Finally a branch operation may be required. Because the ARM can branch in numerous ways it is necessary to allow the ALU result to reach the branch output latch. However the majority of branches are caused by explicit branch instructions which – to reduce branch latency – are evaluated earlier in the decode stage and thus are available as soon as the condition check is complete. Note that the latch on the branch output (figures 1 & 4) is essential; the branch target may not be accepted immediately by the prefetch unit and instructions in the branch shadow must keep flowing (and be discarded) to ensure that the pipeline does not dead-lock.

# 6: Data interface

The data interface (figure 6) is responsible for despatching memory transfers and, as noted in section 4.2, operates semi-autonomously. As it is located on a separate pipeline from the execution unit it receives its own 'instructions' irrespective of whether the instruction should be executed or not. Notice of whether an instruction is to be abandoned (for example due to a condition code failure) or continued is received from the execution unit along with the address. Reorder buffer space has already been allocated for this operation so it cannot simply be thrown away, but it is clearly inefficient to pass this packet through the whole memory system to no avail. Instead a decision can be made to route the packet directly back to the reorder buffer, bypassing the data memory stage. This is possible because the reorder buffer accepts inputs in any order (naturally!) and is inexpensive because this channel carries no data. Any potential dependencies on 'failed' memory operations can then be resolved much earlier than would otherwise be possible and – of course – there is a power saving in preventing unwanted memory operations.

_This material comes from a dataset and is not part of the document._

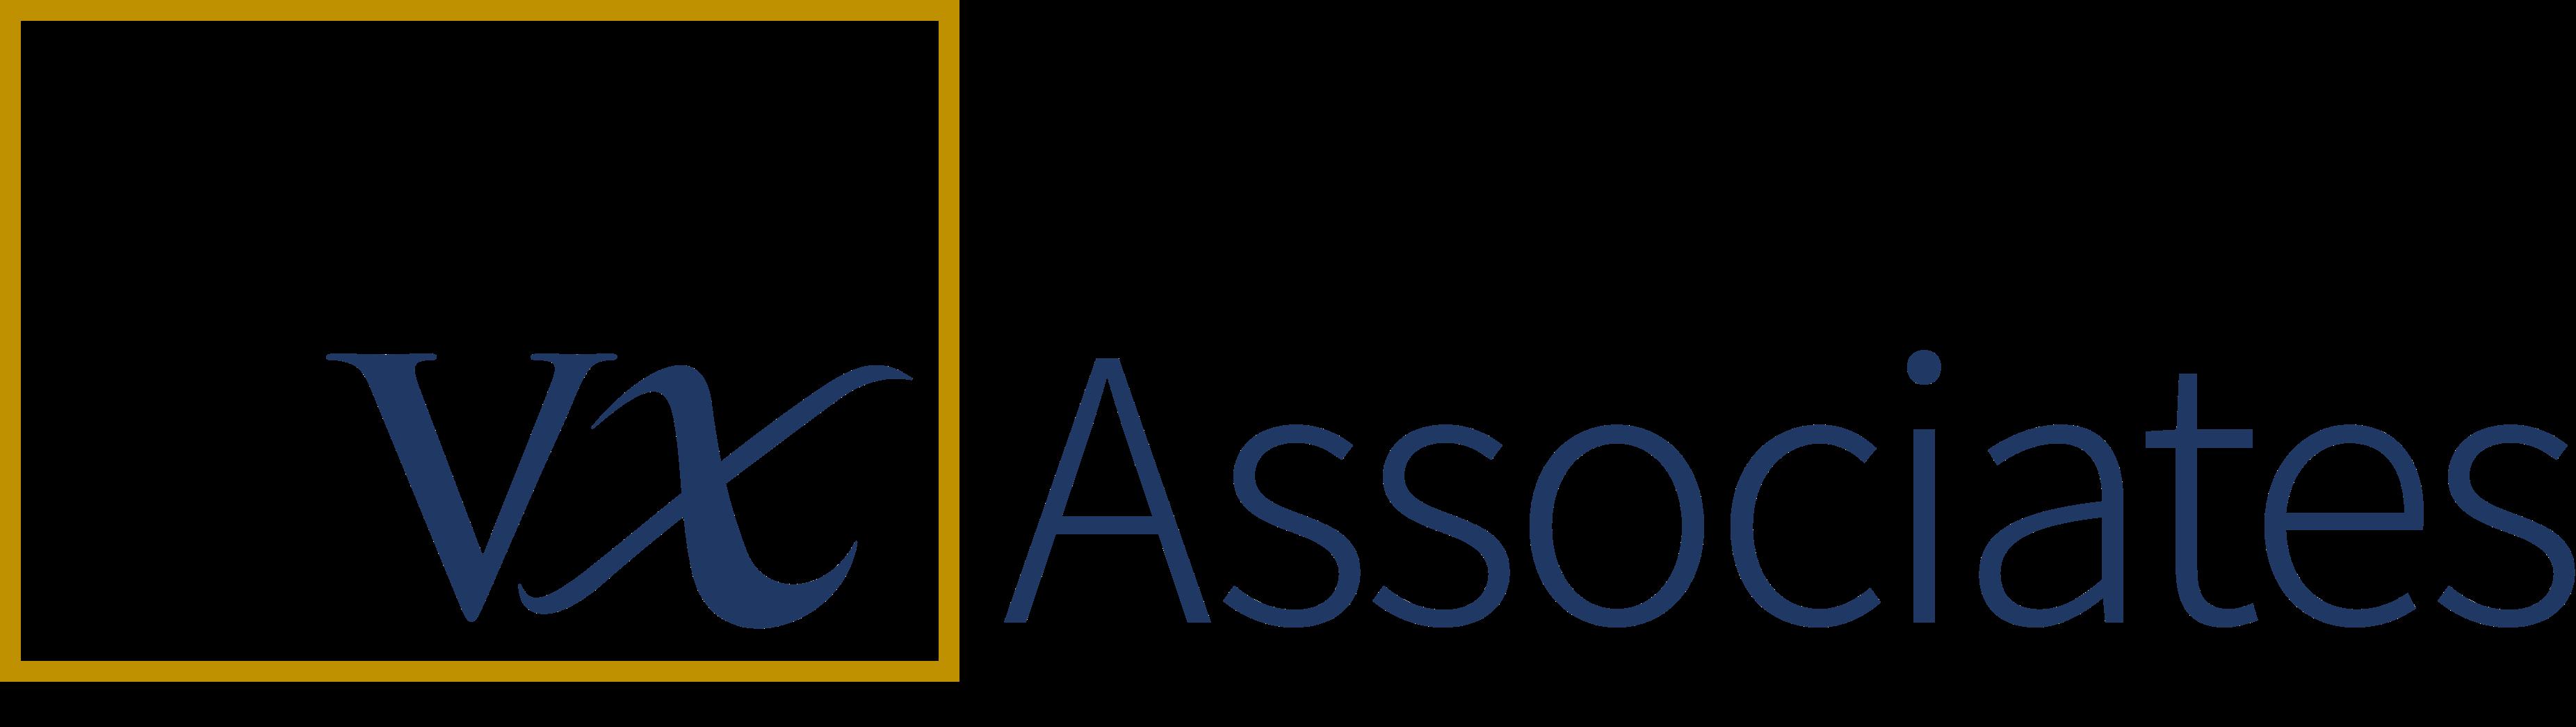 VX Associates Blue logo

Figure 7: Reorder buffer organisation

# 7: Reorder buffer & register writeback

#### 7.1: The reorder buffer

The reorder buffer was already referred to in section 4.1. A reorder buffer [13] implements a form of register renaming. Data packets carry their own destination position within the buffer and are thus sorted into order; the reorder buffer is emptied, in order, to the register bank, thus ensuring that any permanent state changes happen in instruction issue order. The advantage is that a result may be forwarded from this buffer even if it is uncertain that the instruction which created it should have been permitted to complete.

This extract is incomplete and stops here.